Zarówno jedna jak i druga strona, przez niemalże 70 minut gry, stworzyła sobie znikomą ilość sytuacji podbramkowych. Mecz tak naprawdę rozpoczął się dopiero w ostatnich 20 minutach spotkania. Zgromadzeni na stadionie przy ulicy Dąbrowskiego w Wałbrzychu kibice, przeżywali ogromną dawkę emocji. Drużyna gospodarzy raz po raz atakowała bramkę zespołu z Walimia.
Bardzo dobrze w tym fragmencie meczu zaprezentował się prawoskrzydłowy wałbrzyskiej drużyny, Jakub Nowicki, który kilkukrotnie indywidualnymi akcjami stworzył bardzo duże zagrożenie pod bramką rywala.

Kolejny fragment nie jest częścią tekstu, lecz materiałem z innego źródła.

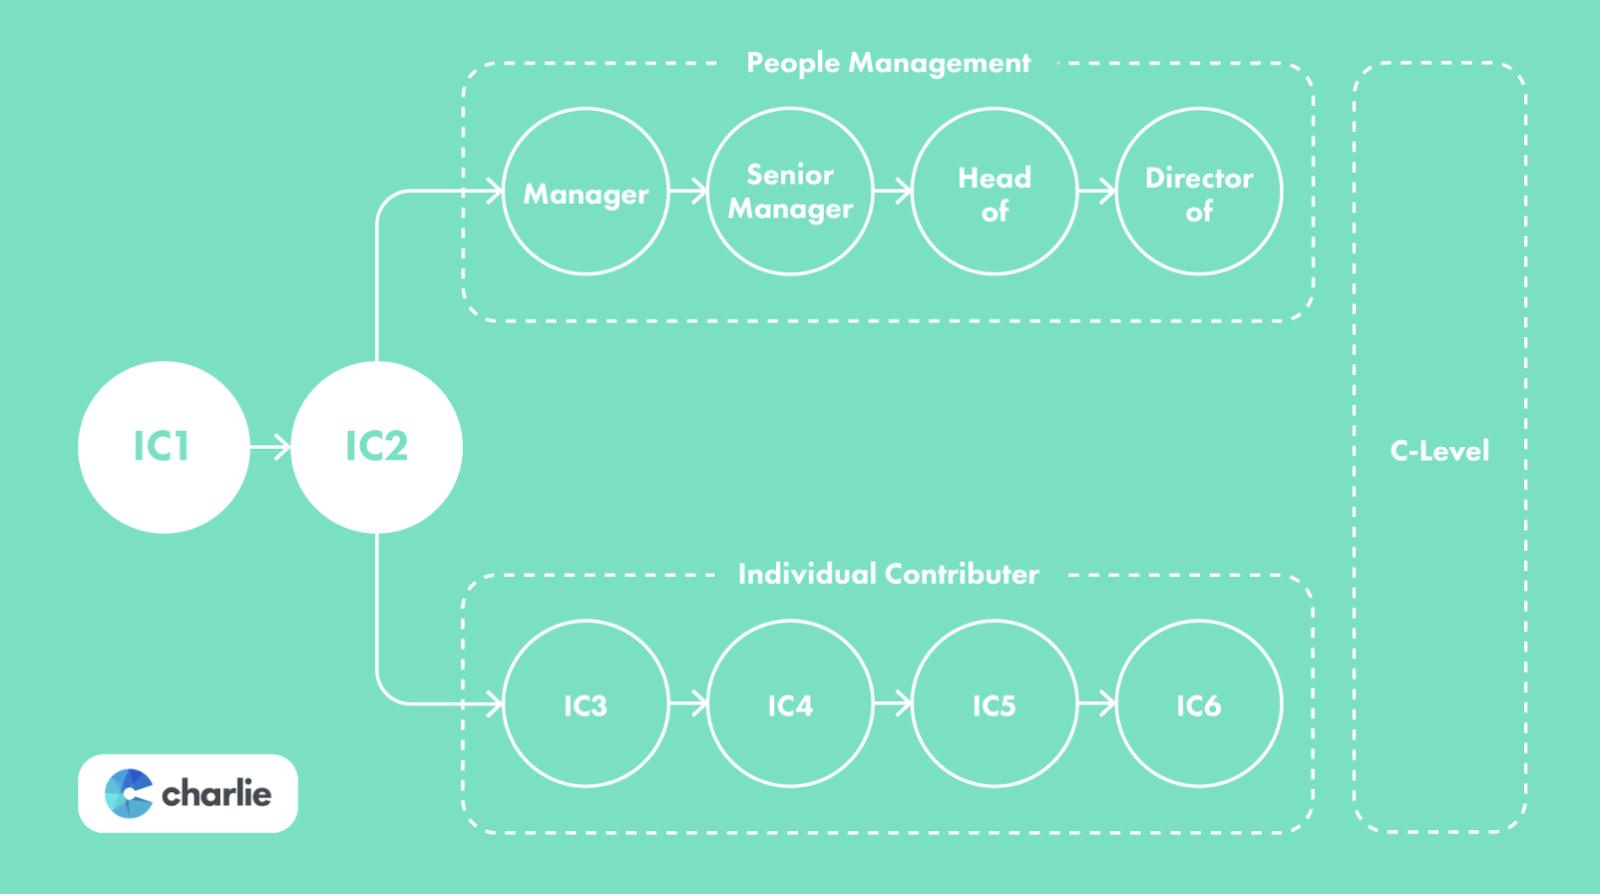 Charlie Hr progression framework

Niestety, pomimo wielu szans Czarni nie potrafili zakończyć akcji celnym strzałem na bramkę przeciwnika. Nieskuteczność sprawiła, że doczekaliśmy się w tym spotkaniu rzutów karnych.
Jedenastki lepiej wykonywali goście, którzy już po pierwszych dwóch seriach prowadzili 2:0. Gospodarze próbowali odrabiać straty, jednak dobrze tego dnia czuł się bramkarz KS Walim. Ostatecznie po bezbramkowych 90 minutach i rzutach karnych drużyna z Walimia wygrała 4:3.